It's nice to have friends in business. Some companies make a living from their widely cast webs of partnerships and long-standing relationships. But sometimes, you're just better off alone.

LM Ericsson (NASDAQ:ERIC) must feel that way today. The worldwide leader in telephony infrastructure equipment reported third-quarter earnings of a paltry $118 million, on $6.8 billion in sales. That's a 6% sales drop from the year-ago period and a 71% earnings free fall. At $0.04 per share, these were Ericsson's lowest earnings per share since late 2003, and they marked the third quarter in a row in which the company reported EPS below $0.10.

Ericsson's workhorse division, the network-building arm, is doing just fine. Business is a bit slow, but that's an industrywide effect. Ericsson is still taking market share from rivals such as Nokia Siemens, a joint venture of (you guessed it!) Nokia (NYSE:NOK) and Siemens (NYSE:SI).

"The 3G side is rising while emerging markets are moving a little bit slower," CEO Carl-Henric Svanberg told Swedish newspaper Dagens Nyheter. "The weaknesses in our report are temporary." And Ericsson's footprint is enormous: Here in North America, there's Ericsson hardware in the networks of Verizon Wireless (NYSE:VZ), AT&T (NYSE:T), and T-Mobile. And even though Sprint Nextel (NYSE:S) isn't running on Ericsson equipment, the Swedish giant is taking over Sprint's network support.

That's the good news. The bad news is that both of Ericsson's major joint ventures are losing money, dragging down the overall results. The chip-design venture with STMicroelectronics and the Sony Ericsson handset partnership with Sony (NYSE:SNE) combined for an operating loss of $218 million.

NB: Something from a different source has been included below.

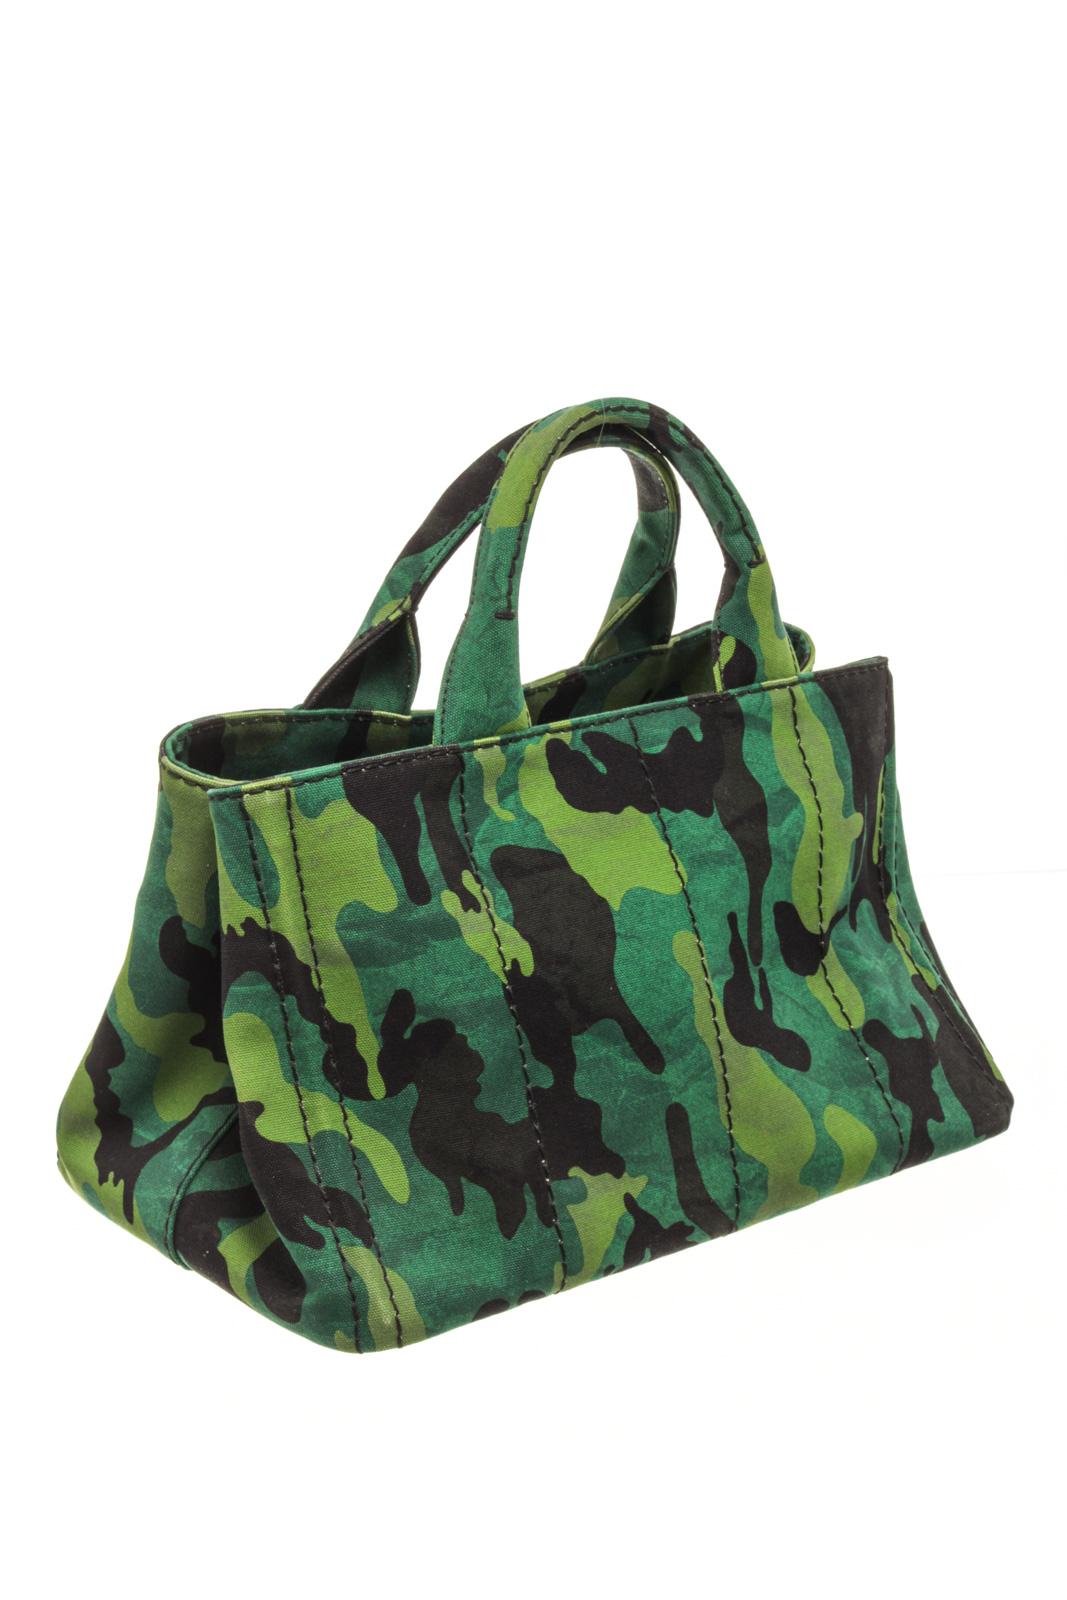 Prada Green Camo Canvas Canapa Tote Bag In Good Condition In Irvine, CA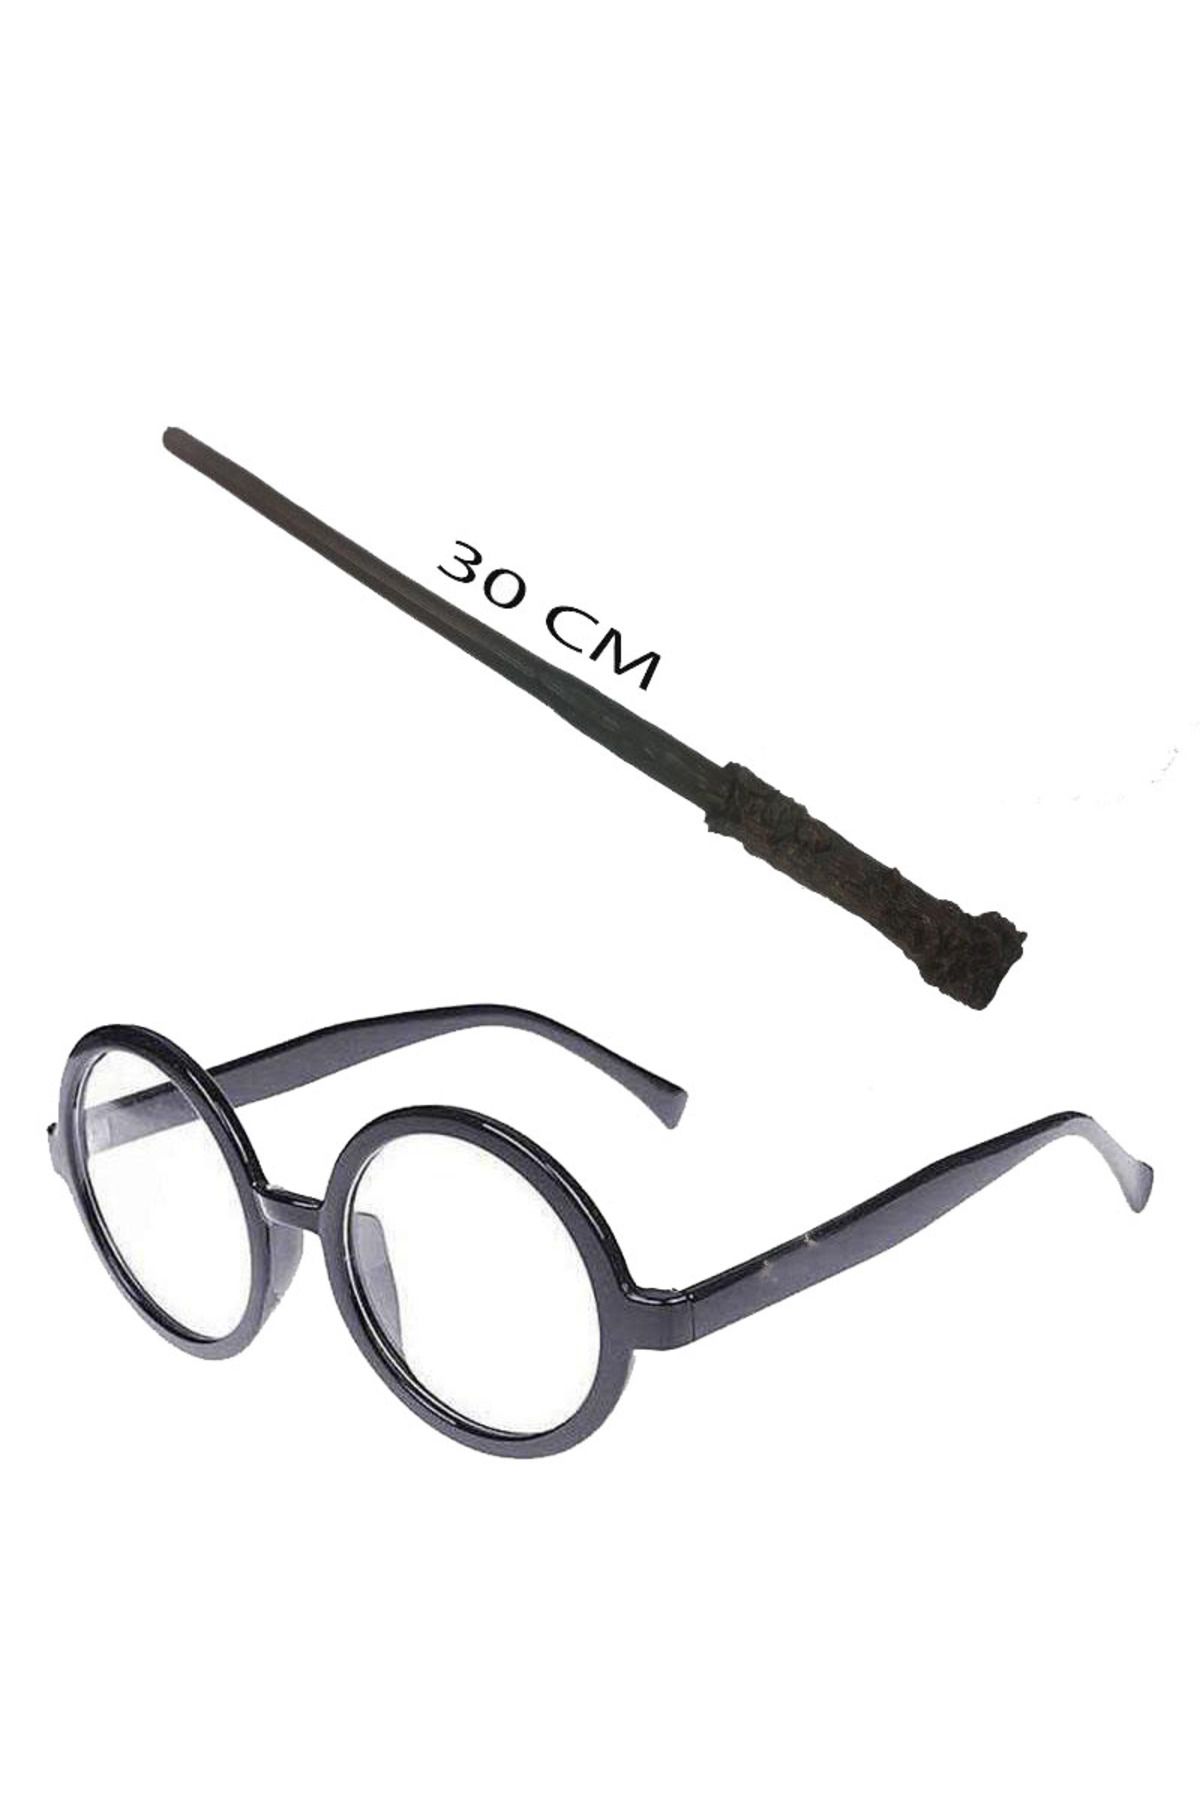 Genel Markalar Harry Potter Asası 30 Cm Ve Siyah Çerçeveli Harry Potter Gözlüğü Seti (LİSİNYA)

I wouldn't be surprised if Ericsson choses to end those efforts in the near future, either by selling its joint-venture stakes back to its respective partners, or by spinning those operations off into stand-alone businesses. This end-to-end product portfolio makes sense in theory, but not so much in practice. And with Svanberg stepping out right about now, this would be a great time for the new regime to reshape Ericsson.